◆ Goal of the exercise: Give the data below again exactly as it stands. Omit the pictures.
--- Given information Enclosed Below ---
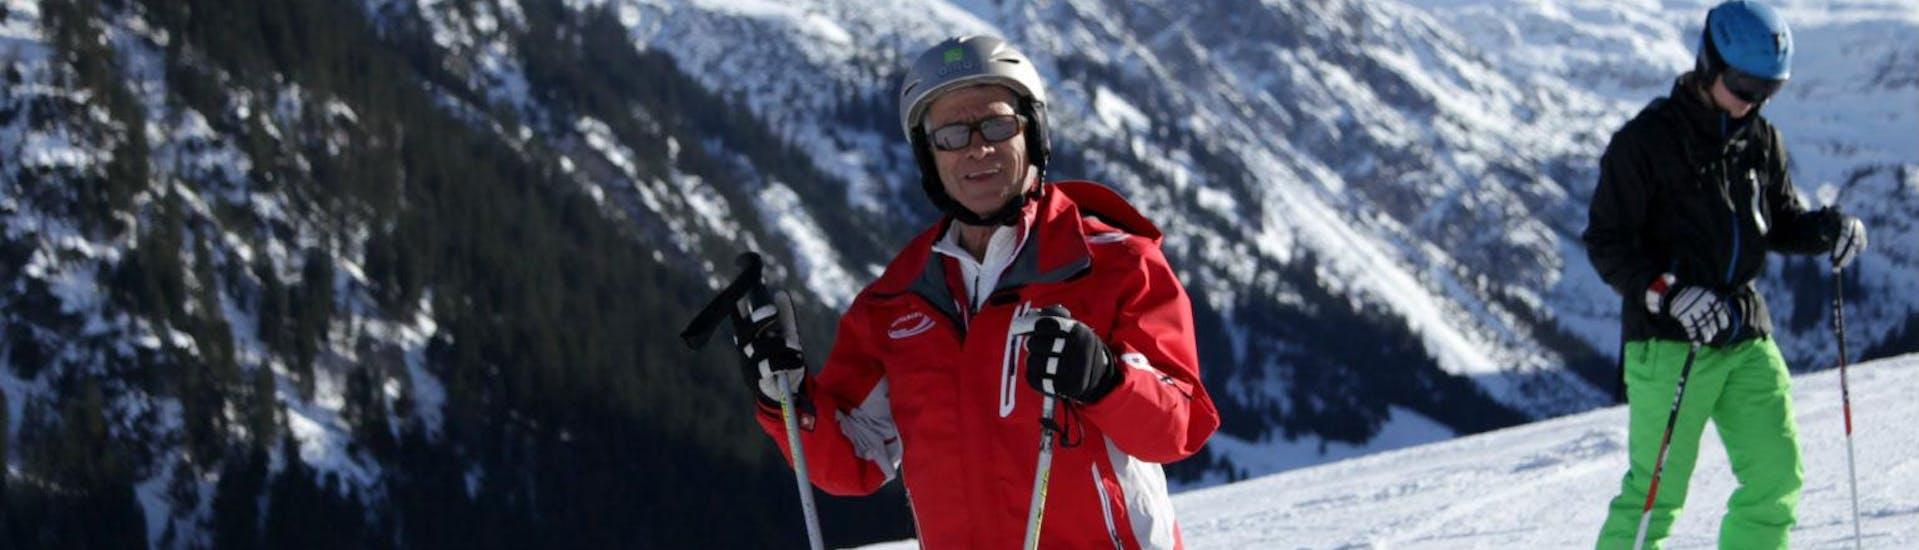 Curso de esquí para adultos para avanzados
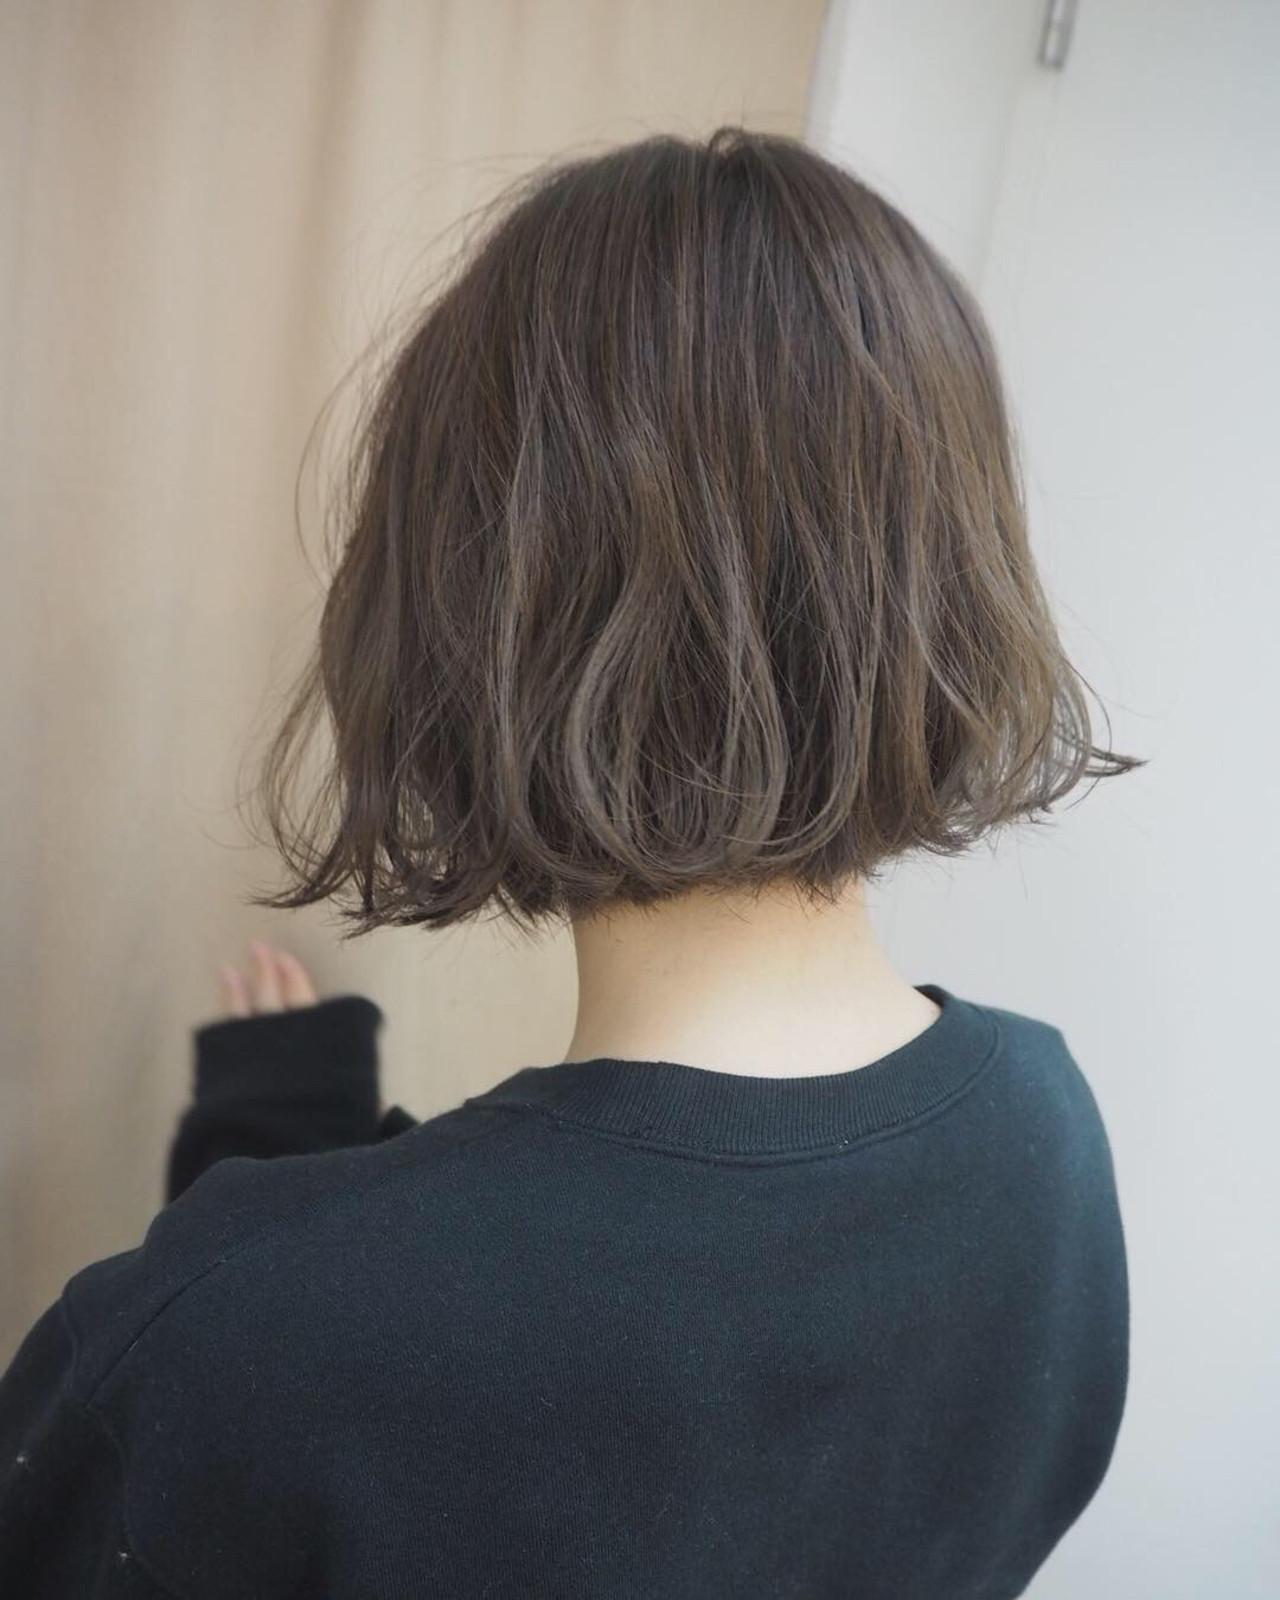 髪のツヤがないと明るくても無意味 宮迫 真美airfeel
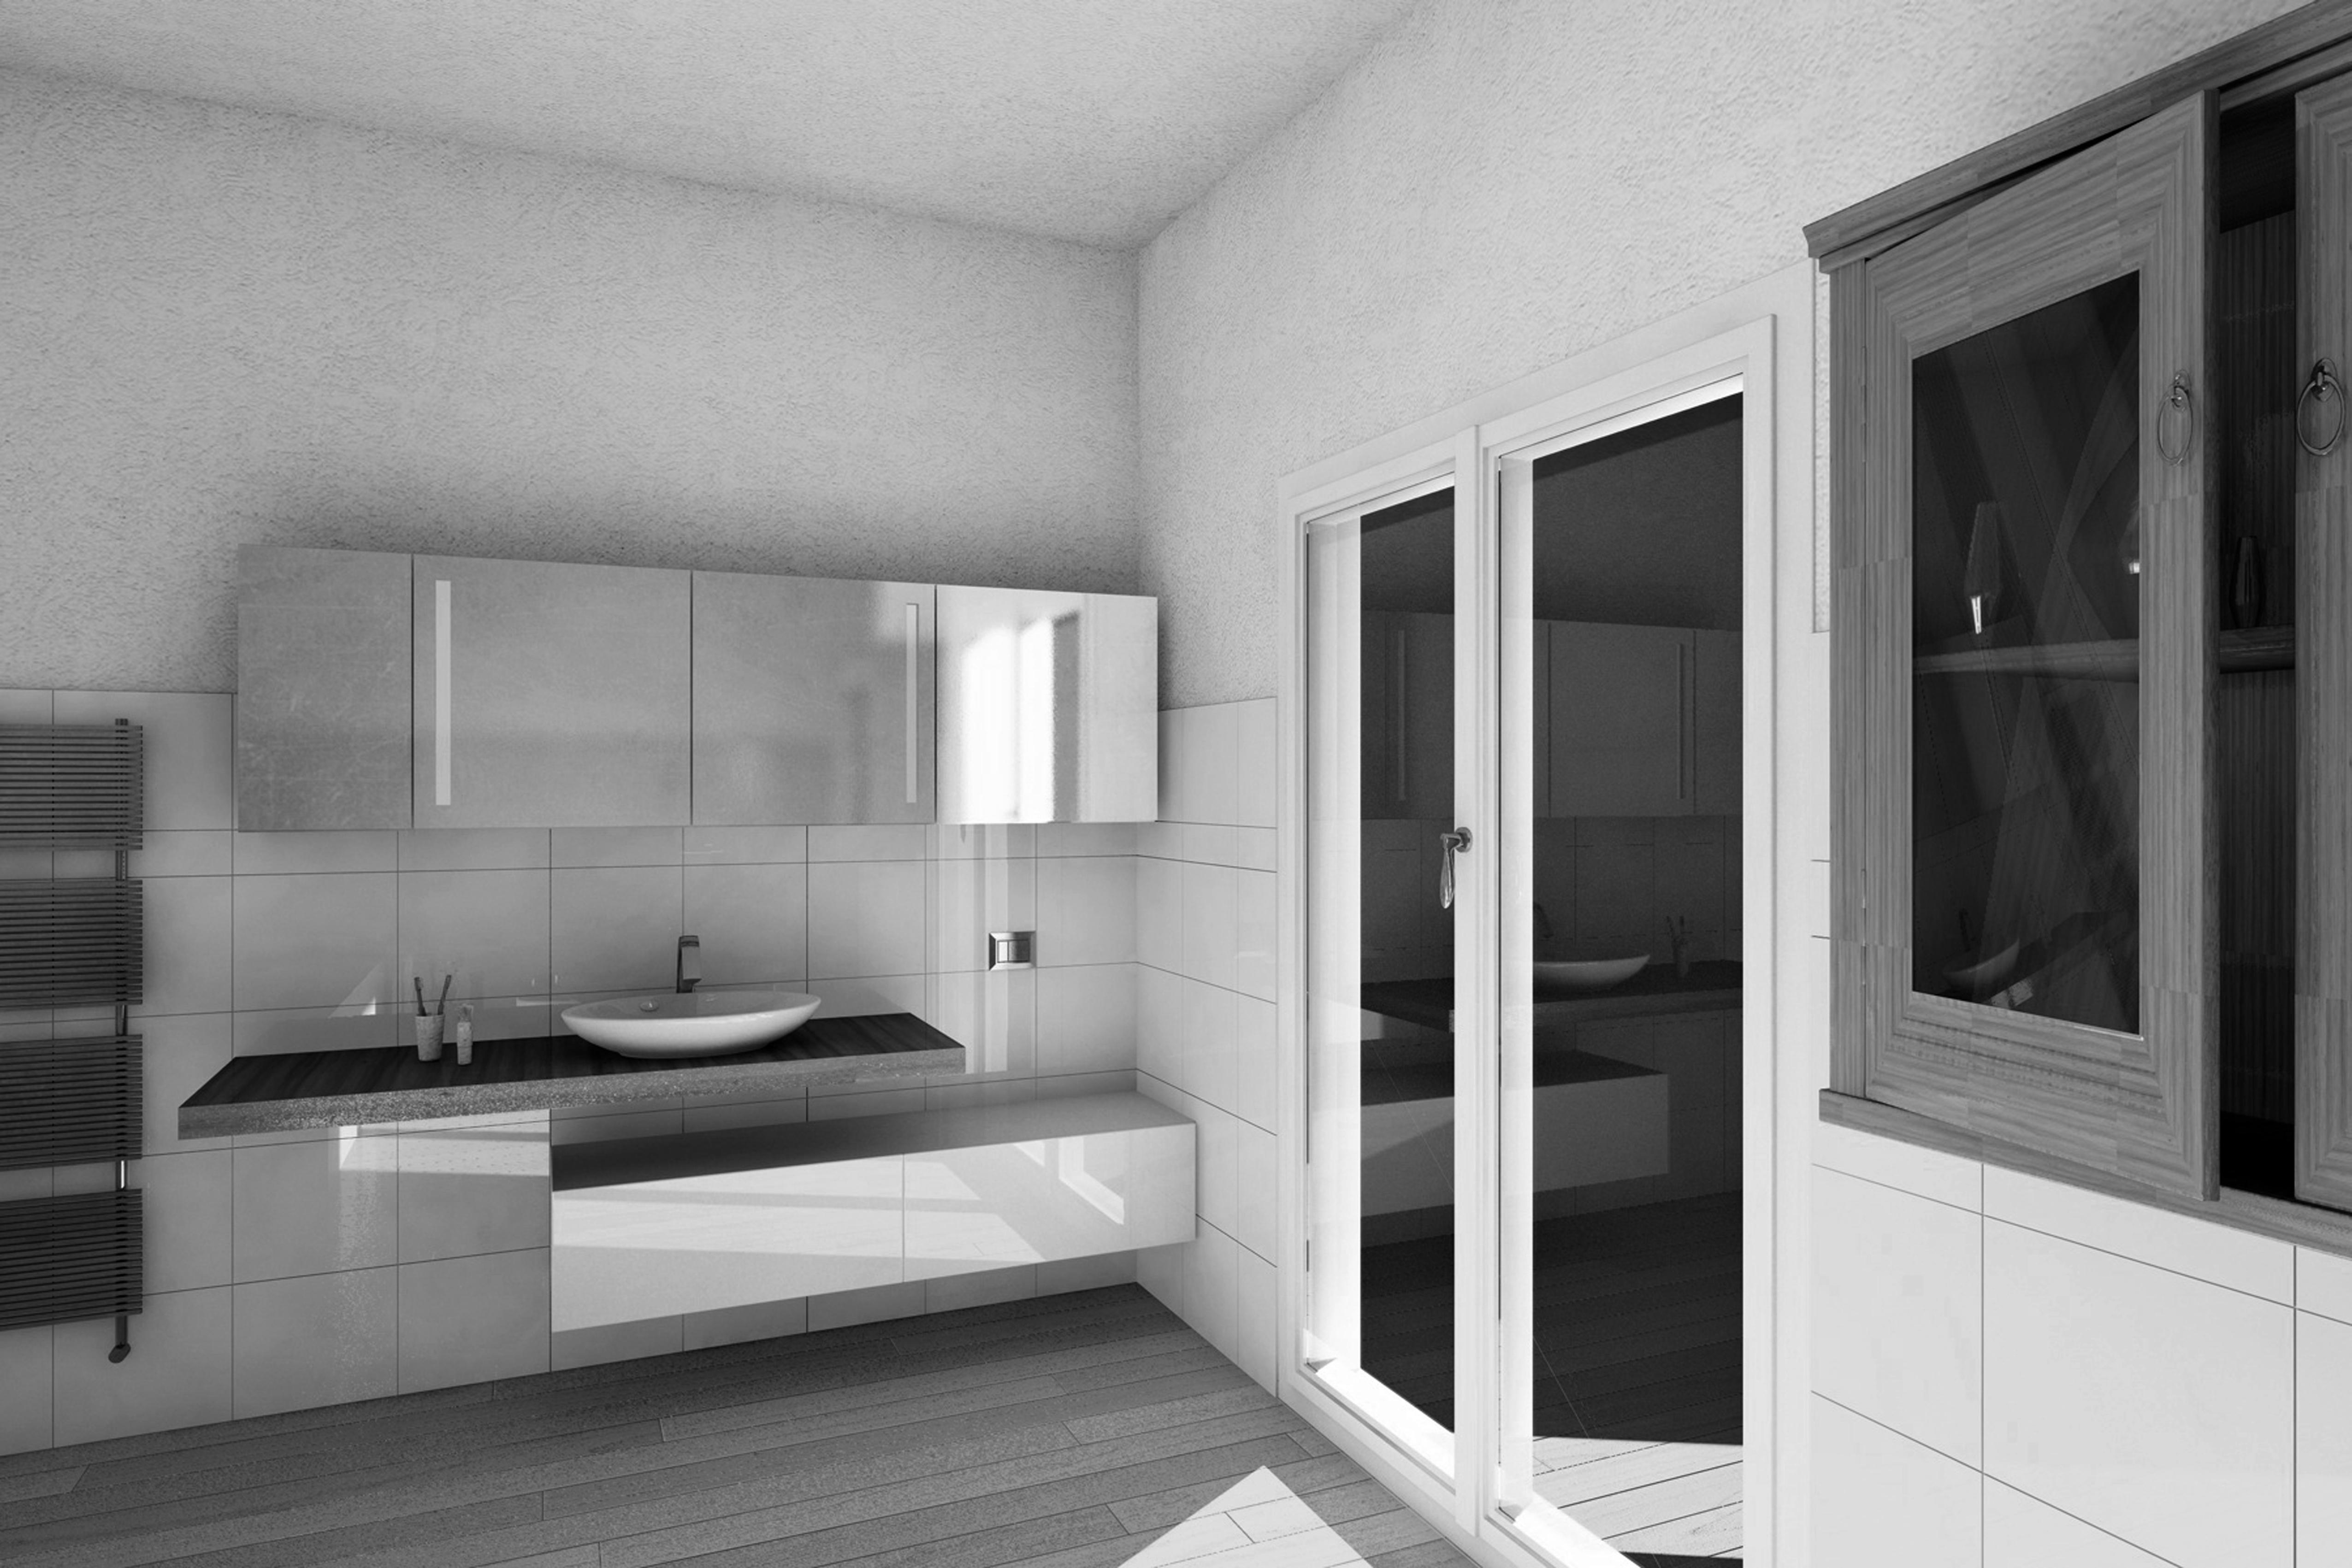 Arredare casa con gli specchi duo di specchi in camera da - Specchi in casa ...
--- End of Enclosed Given information ---
◆ Task answer:
 Curso de esquí para adultos para avanzados
 髪のツヤがないと明るくても無意味 宮迫 真美airfeel
 Arredare casa con gli specchi duo di specchi in camera da - Specchi in casa ...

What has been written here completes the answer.